Stadium in Dresden, Germany

The Heinz-Steyer-Stadion, in Dresden, Germany, is an association football, American football and athletics stadium currently used by the Dresdner SC and the Dresden Monarchs. It has a capacity of about 30,000 but is currently restricted to about 5,000 for football matches (although it had attendances of more than 50,000 people in the 1930s). It was also the first stadium of Dynamo Dresden. It was the venue for Dynamo's first Inter-Cities Fairs Cup match, against Rangers.

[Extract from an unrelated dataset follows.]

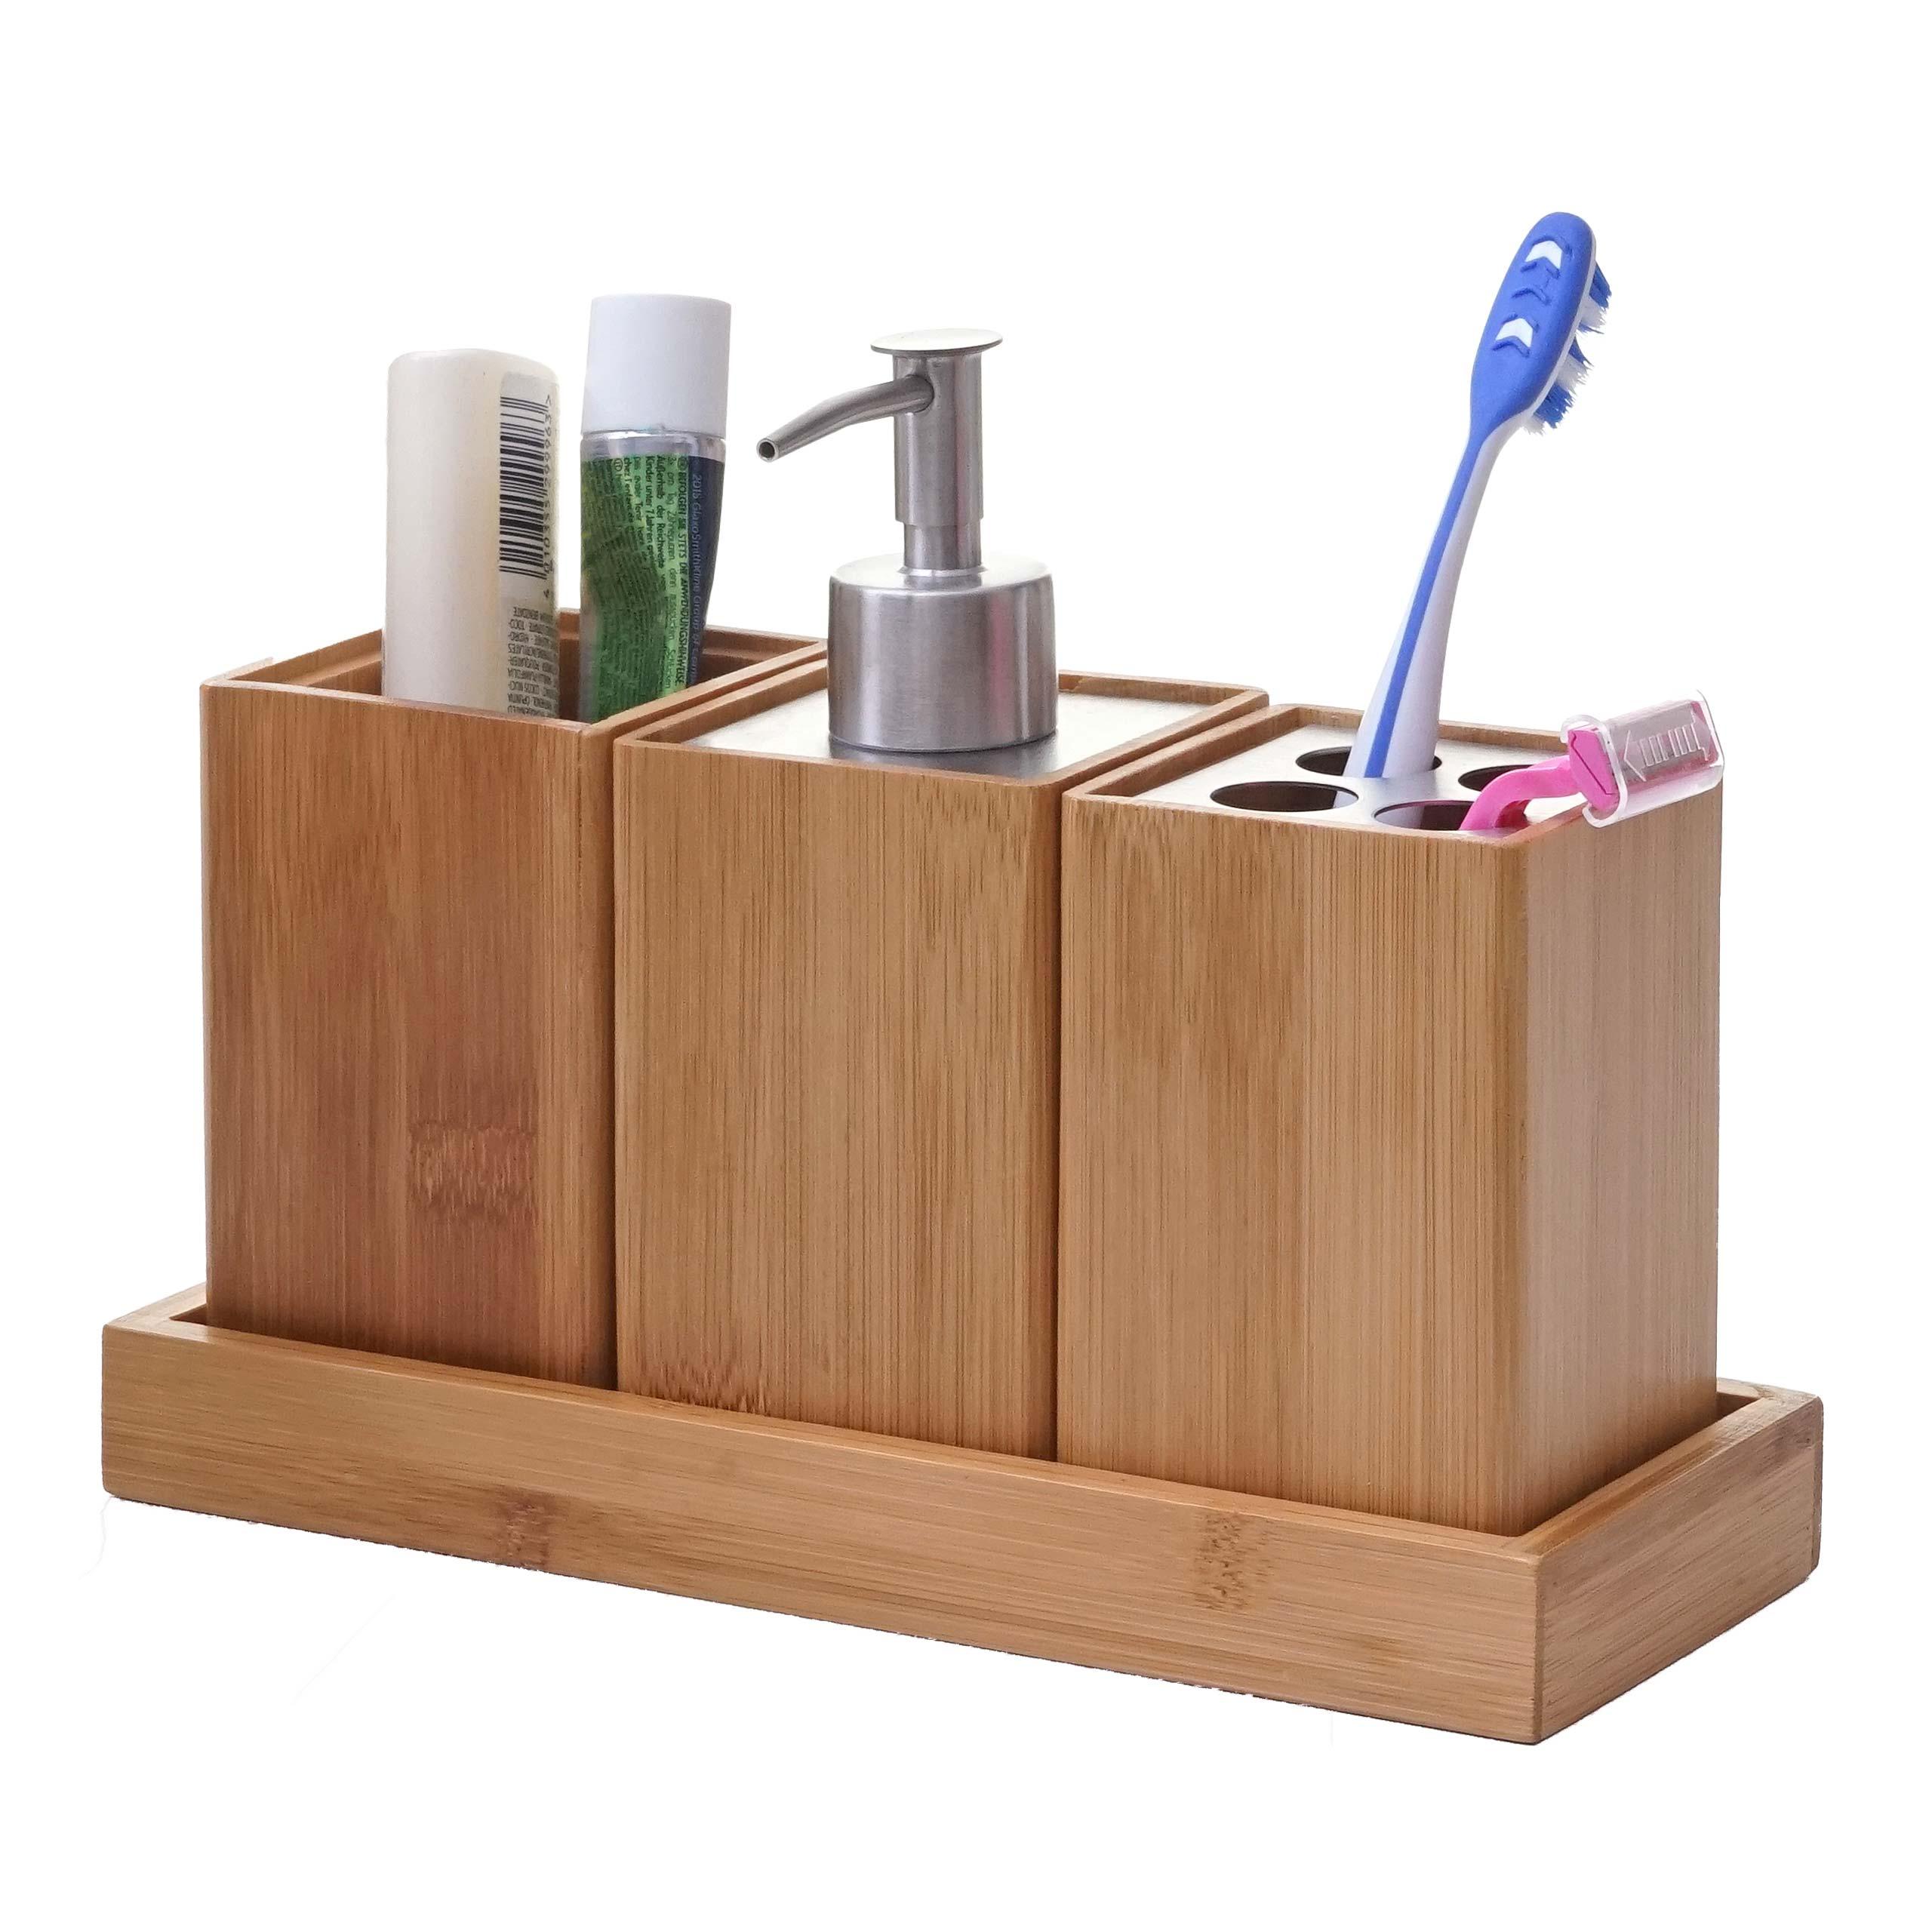 4-teiliges Badset HWC-B85, Badezimmerset Badaccessoires Seifenspender  Zahnbürstenhalter, Bambus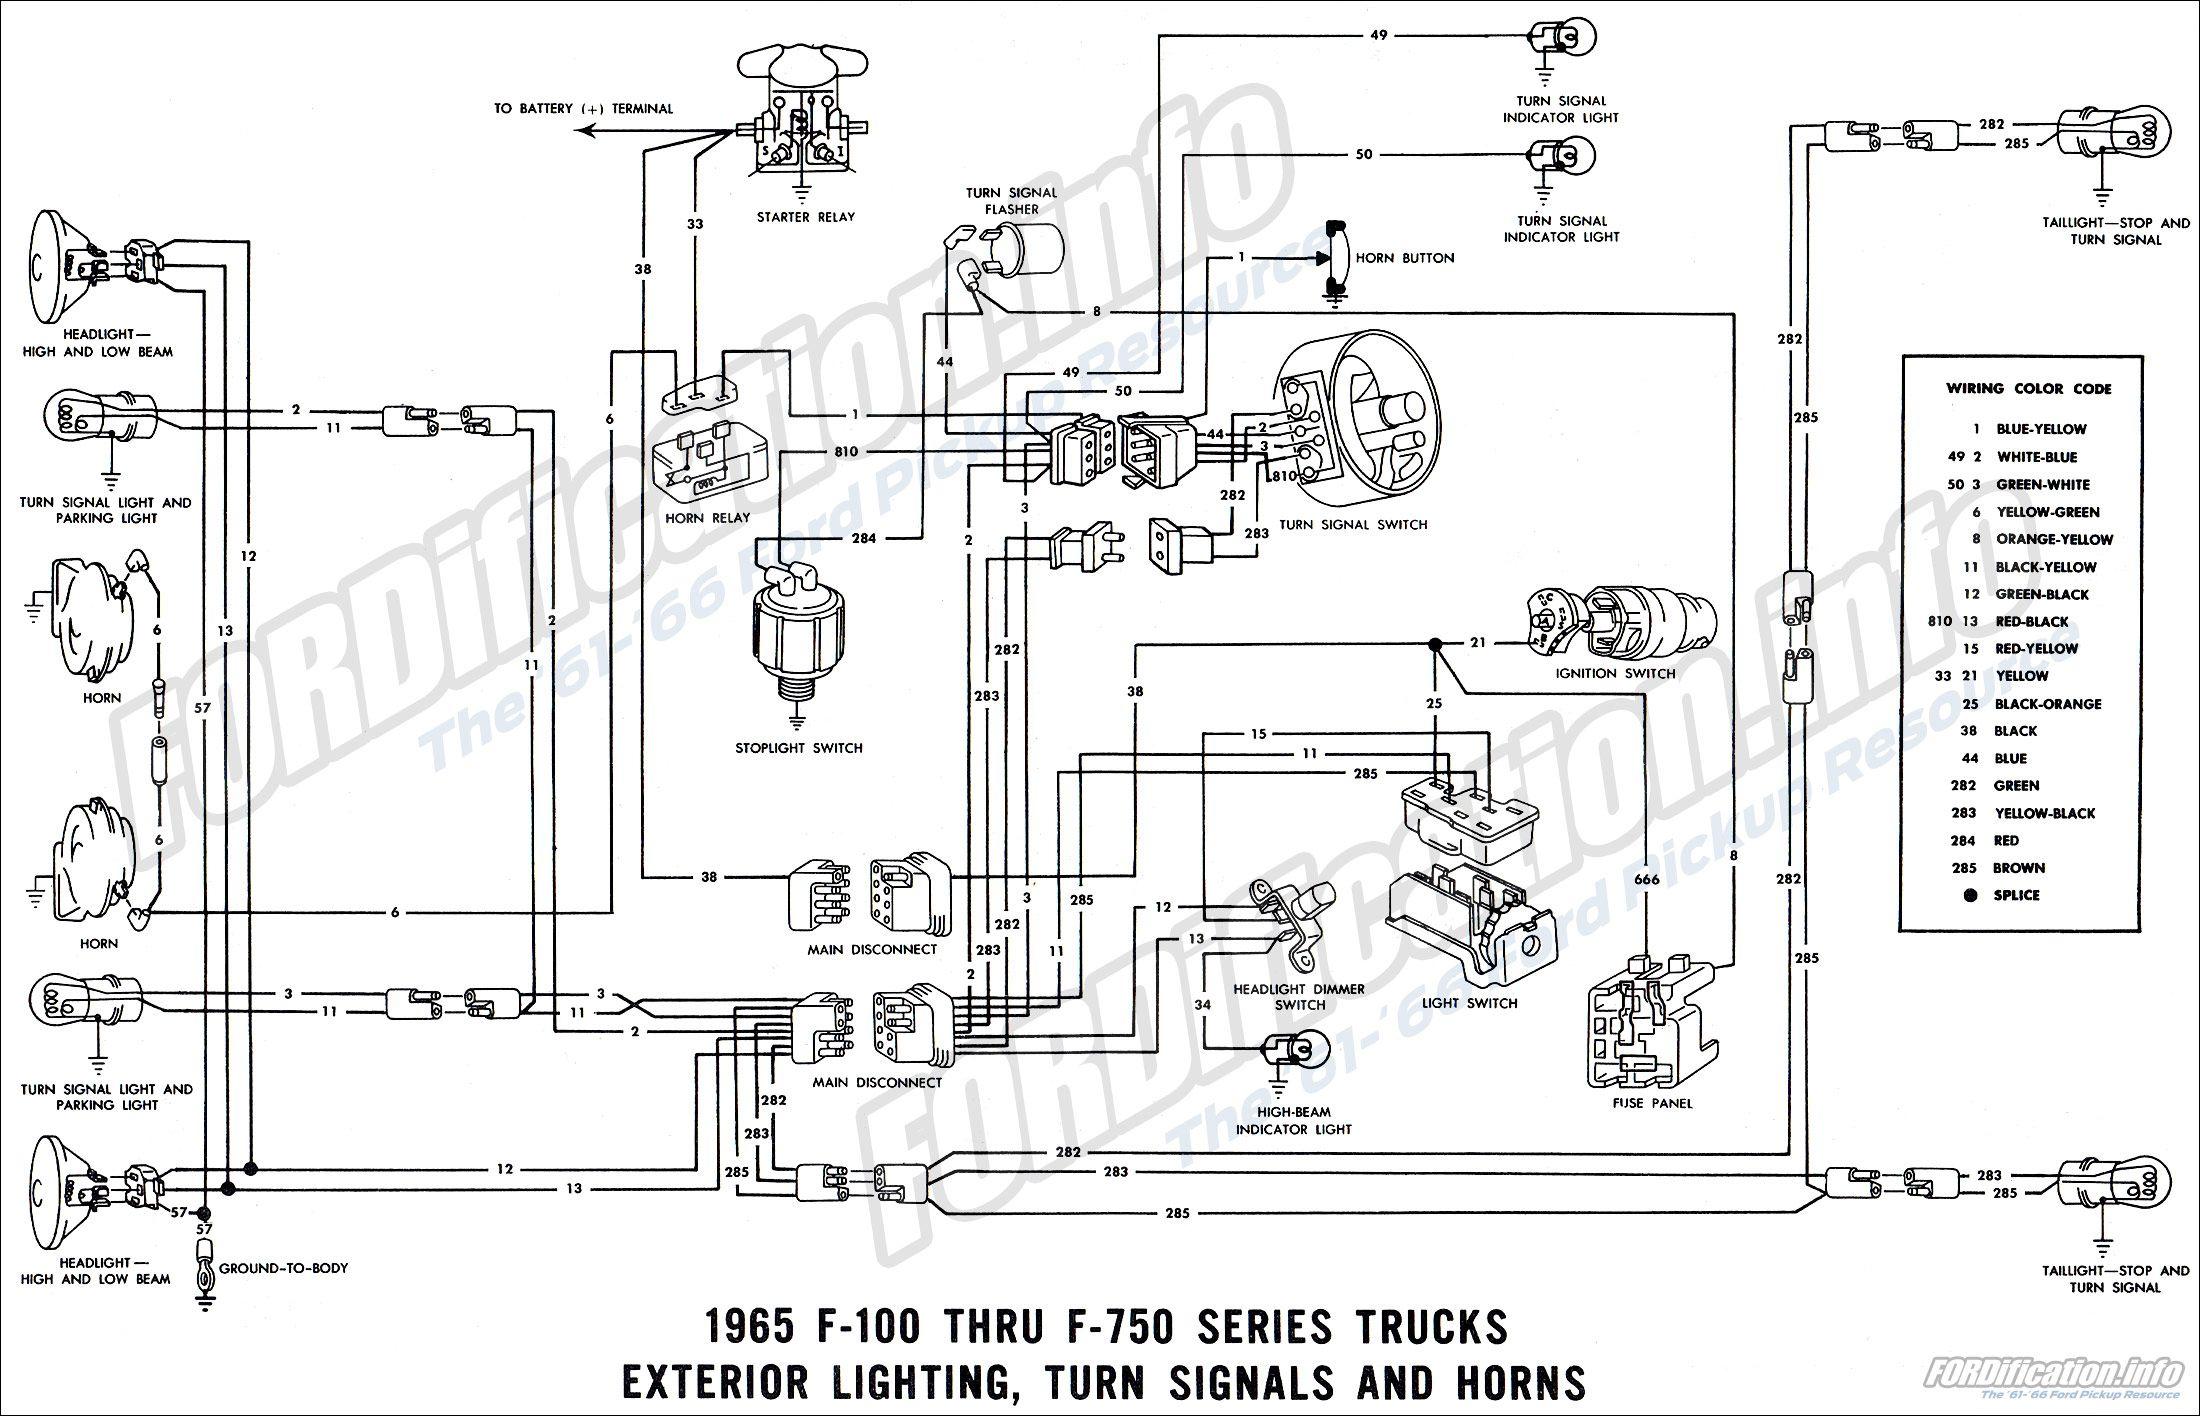 Pin By Samantha Unverferth Urban On 65 F100 Diagram Alternator Ford

== Clubs that use the stadium ==
- Dresden Monarchs (American football), playing in the German Football League
- Dresdner SC (football and athletics)
- Dresden Cavaliers (American football) in FFL

== International Association football matches ==

| Date | Time (MET) | Team Home | Final score (Halftime score) | Team Guest | Variety | Spectators |
|---|---|---|---|---|---|---|
| 14 June 1953 | 13:00 | East Germany East Germany national football team | 0:0 (0:0) Goals scored: none - Television: Deutscher Fernsehfunk | Bulgaria Bulgaria national football team | Exhibition game - Referee: György Danko (HUN) | 55,000 |
| 1 May 1959 | 14:00 | East Germany East Germany national football team | 0:1 (0:1) Goals scored: Janos Göröcs (HUN) 59' - Television: Deutscher Fernsehfunk | Hungary Hungary national football team | Exhibition game - Referee: Leif Gulliksen (NOR) | 50,000 |
| 14 October 1962 | 16:00 | East Germany East Germany national football team | 3:2 (1:0) Goals scored: Günther Wirth (GDR) 6', Günter Schröter (GDR) 47', Emil Petru (ROU) 52', Emil Petru (ROU) 60', Rainer Nachtigall 62' - Television: Deutscher Fernsehfunk | Romania Romania national football team | Exhibition game - Referee: Mach (TCH) | 30,000 |
| 16 April 1969 | 16:00 | East Germany East Germany national football team | 2:1 (1:0) Goals scored: Wolfram Löwe (GDR) 31', Harold England (WAL) 57', Peter Rock (GDR) 89' - Television: Deutscher Fernsehfunk | Wales Wales national football team | 1970 FIFA World Cup qualification - Referee: Geluck (BEL) | 45.000 |

== International American football matches==
===National teams===
The 2015 edition of the European Junior Championship of American football had its "final four" round held at Heinz Steyer Stadion.

=== Club teams===
While the Dresden Monarchs usually move to the larger Rudolf Harbig Stadion for home games involving international opposition, they occasionally host foreign visitors in Heinz Steyer Stadion as well.